Stored items

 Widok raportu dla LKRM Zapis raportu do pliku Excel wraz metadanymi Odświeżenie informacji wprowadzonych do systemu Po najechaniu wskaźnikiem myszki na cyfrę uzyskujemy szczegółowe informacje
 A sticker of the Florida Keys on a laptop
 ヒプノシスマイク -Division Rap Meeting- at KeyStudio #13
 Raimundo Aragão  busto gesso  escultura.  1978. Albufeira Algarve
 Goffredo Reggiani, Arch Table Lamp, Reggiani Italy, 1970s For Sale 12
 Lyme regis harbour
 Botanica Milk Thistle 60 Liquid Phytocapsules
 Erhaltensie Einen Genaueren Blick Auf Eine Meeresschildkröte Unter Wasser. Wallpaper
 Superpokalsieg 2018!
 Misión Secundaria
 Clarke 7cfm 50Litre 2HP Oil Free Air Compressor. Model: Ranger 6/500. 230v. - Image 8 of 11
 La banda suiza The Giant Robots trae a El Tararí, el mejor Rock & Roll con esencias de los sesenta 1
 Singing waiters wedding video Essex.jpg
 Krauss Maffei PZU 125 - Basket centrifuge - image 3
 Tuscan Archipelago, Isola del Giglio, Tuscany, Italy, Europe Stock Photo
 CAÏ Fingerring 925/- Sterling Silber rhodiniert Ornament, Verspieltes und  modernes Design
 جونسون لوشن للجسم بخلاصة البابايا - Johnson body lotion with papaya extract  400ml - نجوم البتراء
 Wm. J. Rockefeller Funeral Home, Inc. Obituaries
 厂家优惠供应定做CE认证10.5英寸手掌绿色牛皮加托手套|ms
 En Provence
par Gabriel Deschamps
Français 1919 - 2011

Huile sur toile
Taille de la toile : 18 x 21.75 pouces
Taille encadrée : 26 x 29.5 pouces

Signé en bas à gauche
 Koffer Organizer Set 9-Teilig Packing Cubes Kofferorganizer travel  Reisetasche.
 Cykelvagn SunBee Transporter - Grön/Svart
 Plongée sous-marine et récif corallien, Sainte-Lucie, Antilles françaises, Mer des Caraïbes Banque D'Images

* [WHAT NEEDS TO BE DONE] Considering the records line by line, how many lines hold the string "Taille"? Say only the number.

* [SOLUTION FOR THIS TASK] 2